Part 2 Lesson 10 wiki

Please post your questions about the lesson here. This is a wiki post. Please add any resources or tips that are likely to be helpful to other students.

<<< Wiki: Lesson 9Wiki: Lesson 11 >>>

Lesson resources



Code Snippets

Downloading the data:

curl -OL
tar -xzf aclImdb.tgz

Time Line



  • (0:20:30) IMDB with fastai.text
  • (0:23:10) The standard format of text classification dataset
  • (0:28:08) Difference between tokens and words 1 - spaCy
  • (0:29:59) Pandas chunksize to deal with a large corpus
  • (0:32:38) {BOS} (beginning of sentence/stream) and {FLD} (field) tokens
  • (0:33:57) Run spaCy on multi-cores with proc_all_mp()
  • (0:35:40) Difference between tokens and word 2 - capture semantic of letter case and others
  • (0:38:05) Numericalise tokens - Python Counter() class

Pre-trained Language Model - PreTraining

  • (0:42:16) Pre-trained language model
  • (0:47:13) Map IMDb index to wiki text index
  • (0:53:09) fastai documentation project
  • (0:58:24) Difference between pre-trained LM and embeddings 1 - word2vec
  • (1:01:25) The idea behind using average of embeddings for non-equivalent tokens

Pre-trained Language Model - Training

  • (1:02:34) Dive into source code of LanguageModelLoader()
  • (1:09:55) Create a custom Learner and ModelData class
  • (1:20:35) Guidance to tune dropout in LM
  • (1:21:43) The reason to measure accuracy than cross entropy loss in LM
  • (1:25:23) Guidance of reading paper vs coding
  • (1:28:10) Tips to vary dropout for each layer
  • (1:28:44) Difference between pre-trained LM and embeddings 2 - Comparison of NLP and CV
  • (1:31:21) Accuracy vs cross entropy as a loss function
  • (1:33:37) Shuffle documents; Sort-ish to save computation

Paper ULMFiT (FitLam)

  • (1:44:00) Paper: ULMFiT - pre-trained LM
  • (1:49:09) New version of Cyclical Learning Rate
  • (1:51:34) Concat Pooling
  • (1:52:44) RNN encoder and MultiBatchRNN encoder - BPTT for text classification (BPT3C)

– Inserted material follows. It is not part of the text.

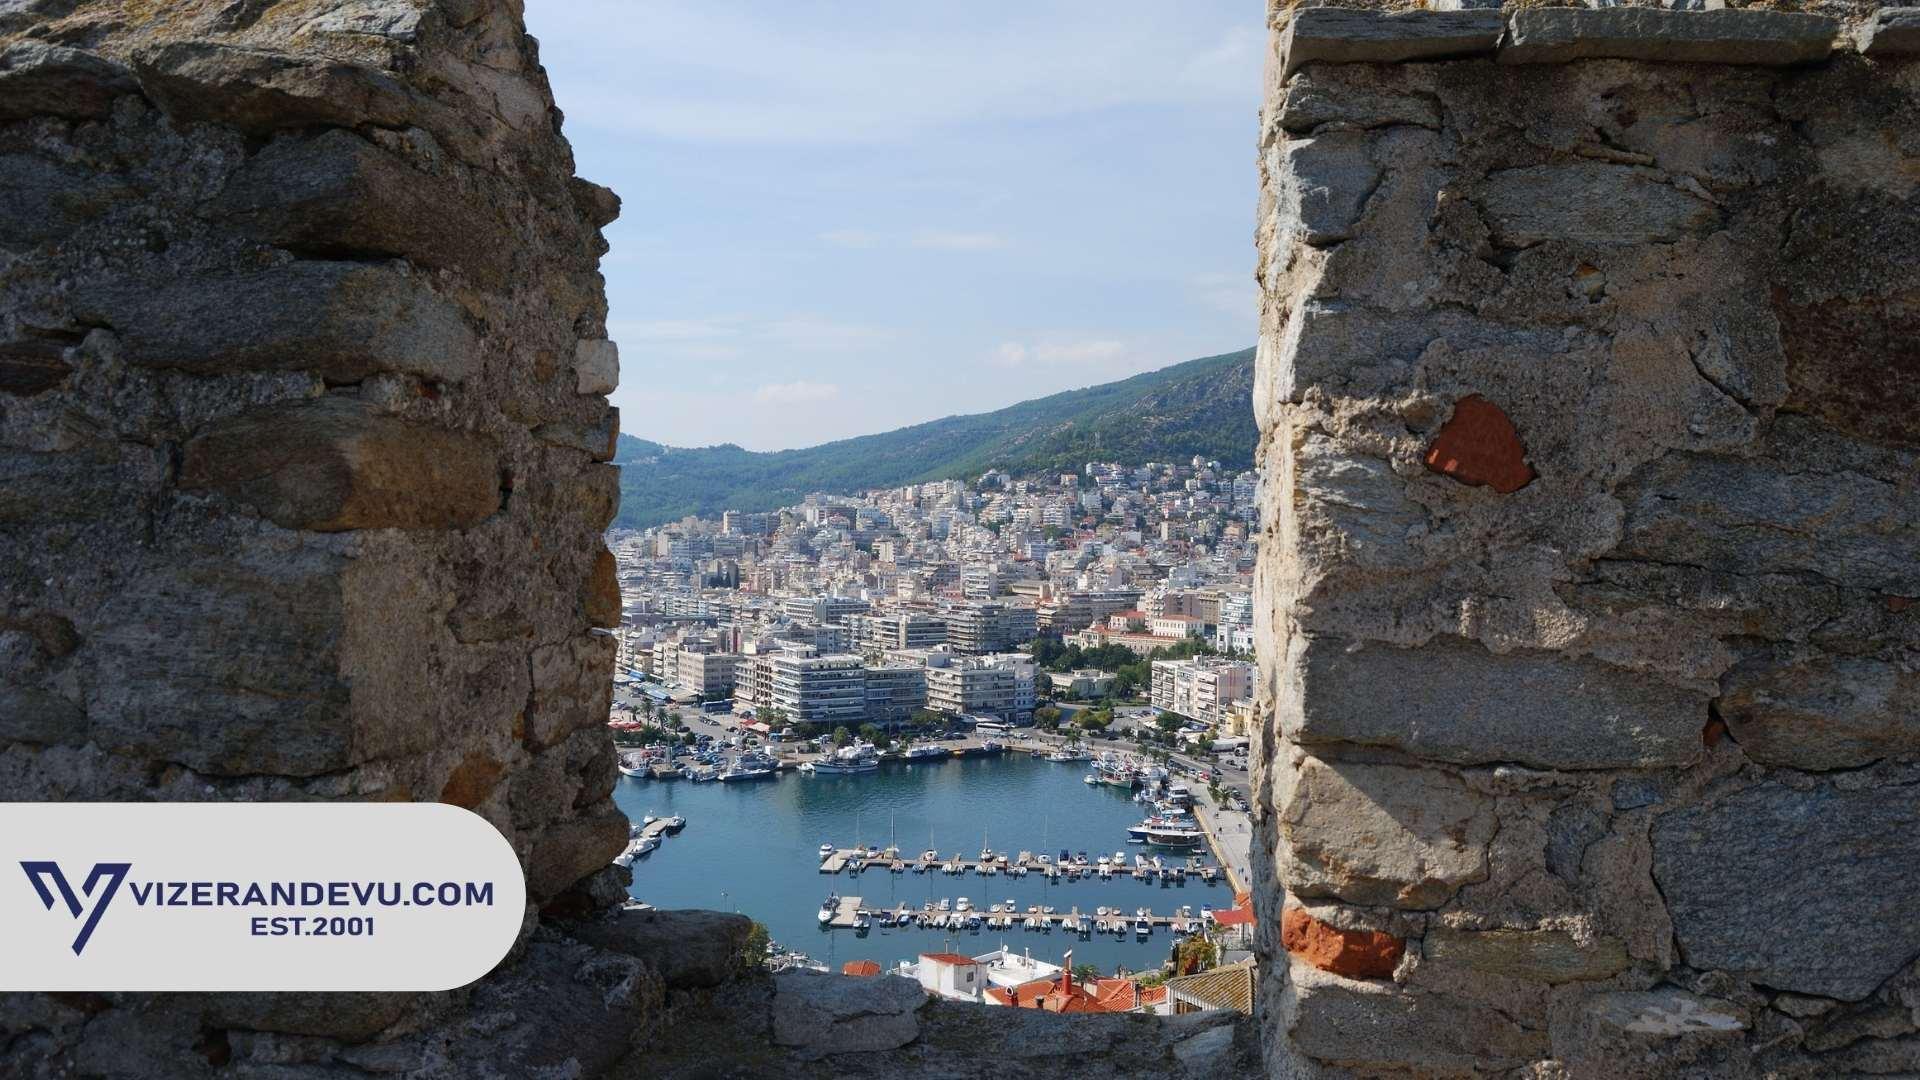 Yunanistan Yapmak İstediğiniz Seyahatin Amaçları Ve Süresi Bildirisi Neden Önemlidir ?

Tricks to conduct ablation studies

  • (1:58:35) VNC and Google Fire Library
  • (2:05:10) SentencePiece; Tokenize sub-word Units

Could Jeremy speak about use_clr argument in the fit function?


Usually, when we down sample, we increase the number of filters, or depth. when we’re doing sampling from 77 to 44 etc, why are we decreasing the number from 512 to 256?

why not decrease dimension in SSD head? (performance related?)


This was a useful post for me to learn what is happening,


How fast is this IMDB nb?

Won’t you have to set the seed in between trn_idx and val_idx? Or won’t the random values be different when you start the permutation which creates val_idx?

What do you mean how fast is it?

Where do we get the IMDB data? Or where can we find out how to get it?

1 Like

Why would you not want to include a “header” in the .csv file for NLP?


The mentioned indexes are different for both train and val, so it won’t affect each other.

The seed is where it starts out, by calling np.random.permutation to get trn_idx you change the state in the random number generator so that val_idx ends up different

@blakewest, check Part 1 notebooks, second(?) lesson on NLP has link

1 Like

Pretty sure there is a link in lesson 4 nb

1 Like
cd ~/fastai/courses/dl2/data
curl -OL
tar -xzf aclImdb.tgz

For language modeling, why is there a “labels” column? It isn’t even used in language modeling.


Where’s the data? for the aclImdb??

When I’m working with NLP data, manytimes I come across data with foreign texts/characters.

In your infinite experience, is it better to discard them or to keep them? (Are they worth keeping?)


Where is the GH repo where this is at? For some reason lost my place (sorry about this)? Would like a resource link at the top.

… and chunksize is in lines? bits? bytes?